Essential Job Functions and Responsibilities
Enter data and validate patient information.
Research and correct invalid or incorrect patient demographic information such as invalid insurance policy number to ensure proper billing.
Determine member benefit coverage.
Monitor and verify insurance information for individual patient visits and procedures.
Communicate with patients about co‑pays, benefits, coverage, and care authorization.
Contact providers with authorization, denial, and appeals process information.
Assist in educating and act as a resource to the scheduling department.
Work and assist with the billing department in researching and resolving rejected, incorrectly paid, and denied claims as requested.
Respond professionally to all inquiries from patients, staff, and payors in a timely manner.
Accurately document patient accounts of all actions taken.
Qualifications
Strong work ethic and sound judgment
Proven written and verbal communication skills
Natural curiosity to pursue issues and increase expertise
Demonstrated knowledge of insurances
Two to four years related experience and/or training in insurance verification
Two to four years of experience in medical billing
Two to four years of experience in authorizations
Knowledge of CPT and ICD10 codes.
Excellent computer, multi‑tasking, and phone skills.
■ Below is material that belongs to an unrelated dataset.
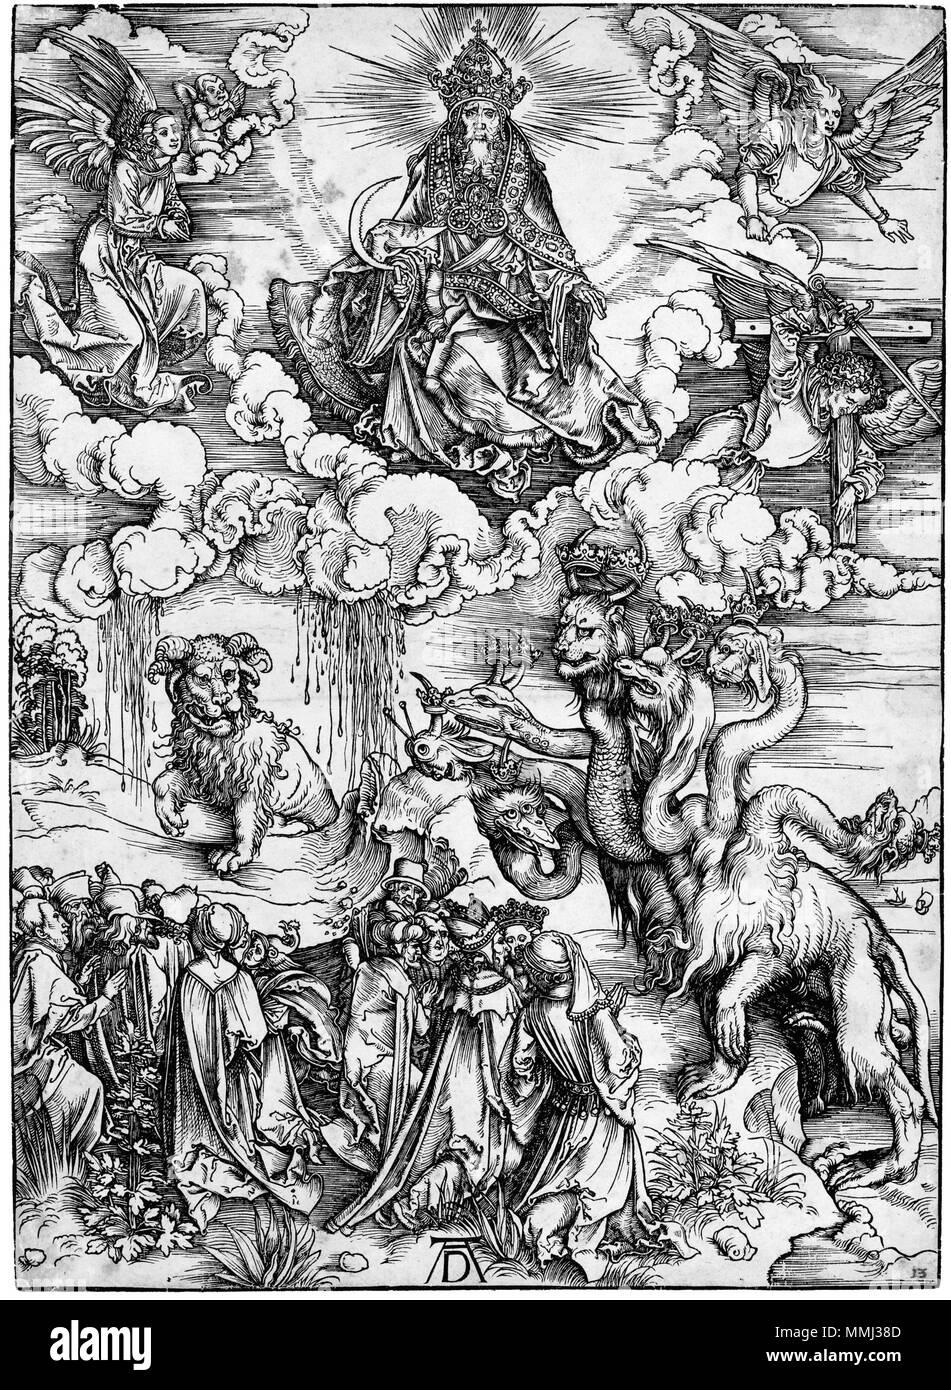 Das Tier mit zwei Hörnern wie ein Lamm (B. 74; M., Holl. 175) * Holzschnitt aus der Apokalypse * 39 x 28,2 cm * ca. 1496-1497 Durer, apocalisse, 12 il mostro Marino e la Bestia Stockfoto

The ability to work well under pressure (most of the paperwork is time‑sensitive).
Must successfully pass a background check.
Additional Information In accordance with HIPAA, this position must maintain the confidentiality of the patient in all circumstances as well as company confidentiality. Ensures the confidentiality of data collected and stored is maintained.
This description is intended to provide basic guidelines for meeting job requirements. Responsibilities, knowledge, skills, abilities, and working conditions may change as needs evolve.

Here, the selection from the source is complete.